Problem details ▸ Could you show all lines in the entries below that contain the string "Vektor"?

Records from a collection

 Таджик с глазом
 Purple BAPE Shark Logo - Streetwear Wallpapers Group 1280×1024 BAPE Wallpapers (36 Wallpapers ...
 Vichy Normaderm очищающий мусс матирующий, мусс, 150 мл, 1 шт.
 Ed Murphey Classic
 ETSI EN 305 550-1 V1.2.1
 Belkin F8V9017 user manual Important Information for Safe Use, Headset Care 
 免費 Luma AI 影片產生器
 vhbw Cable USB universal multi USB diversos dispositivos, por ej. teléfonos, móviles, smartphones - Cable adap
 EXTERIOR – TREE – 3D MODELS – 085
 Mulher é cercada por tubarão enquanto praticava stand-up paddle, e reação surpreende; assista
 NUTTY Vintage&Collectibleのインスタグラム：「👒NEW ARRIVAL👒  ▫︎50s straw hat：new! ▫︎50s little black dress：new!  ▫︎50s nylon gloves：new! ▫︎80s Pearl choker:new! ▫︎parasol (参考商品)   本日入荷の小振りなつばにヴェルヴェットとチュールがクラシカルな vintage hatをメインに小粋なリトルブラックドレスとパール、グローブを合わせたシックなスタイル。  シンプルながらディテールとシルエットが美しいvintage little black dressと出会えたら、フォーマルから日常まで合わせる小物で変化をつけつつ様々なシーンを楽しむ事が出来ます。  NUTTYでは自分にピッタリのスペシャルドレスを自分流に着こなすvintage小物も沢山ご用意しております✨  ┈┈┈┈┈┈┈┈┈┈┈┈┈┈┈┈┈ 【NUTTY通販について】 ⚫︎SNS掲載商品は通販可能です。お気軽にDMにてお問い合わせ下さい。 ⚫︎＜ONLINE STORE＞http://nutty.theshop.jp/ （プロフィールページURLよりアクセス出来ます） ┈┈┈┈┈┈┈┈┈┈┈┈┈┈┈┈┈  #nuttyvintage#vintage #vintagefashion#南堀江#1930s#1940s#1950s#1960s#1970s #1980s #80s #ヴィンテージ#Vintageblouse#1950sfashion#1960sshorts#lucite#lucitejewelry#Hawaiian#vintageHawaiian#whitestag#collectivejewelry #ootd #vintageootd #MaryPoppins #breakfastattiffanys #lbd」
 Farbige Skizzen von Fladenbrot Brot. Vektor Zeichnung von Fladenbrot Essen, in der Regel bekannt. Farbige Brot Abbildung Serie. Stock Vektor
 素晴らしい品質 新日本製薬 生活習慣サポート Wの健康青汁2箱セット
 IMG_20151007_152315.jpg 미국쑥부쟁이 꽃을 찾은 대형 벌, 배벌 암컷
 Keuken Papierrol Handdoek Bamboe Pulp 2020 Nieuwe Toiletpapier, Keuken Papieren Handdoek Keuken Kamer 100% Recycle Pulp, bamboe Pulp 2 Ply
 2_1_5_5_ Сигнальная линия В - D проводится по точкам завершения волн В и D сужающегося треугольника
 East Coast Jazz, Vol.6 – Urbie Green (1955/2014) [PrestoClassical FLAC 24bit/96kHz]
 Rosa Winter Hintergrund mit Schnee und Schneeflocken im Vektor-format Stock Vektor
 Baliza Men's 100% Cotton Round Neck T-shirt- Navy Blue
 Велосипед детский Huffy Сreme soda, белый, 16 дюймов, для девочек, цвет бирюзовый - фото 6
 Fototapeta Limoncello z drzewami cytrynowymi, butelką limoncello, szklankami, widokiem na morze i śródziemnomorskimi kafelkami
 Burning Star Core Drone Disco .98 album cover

Response to this exercise ▸
 Farbige Skizzen von Fladenbrot Brot. Vektor Zeichnung von Fladenbrot Essen, in der Regel bekannt. Farbige Brot Abbildung Serie. Stock Vektor
 Rosa Winter Hintergrund mit Schnee und Schneeflocken im Vektor-format Stock Vektor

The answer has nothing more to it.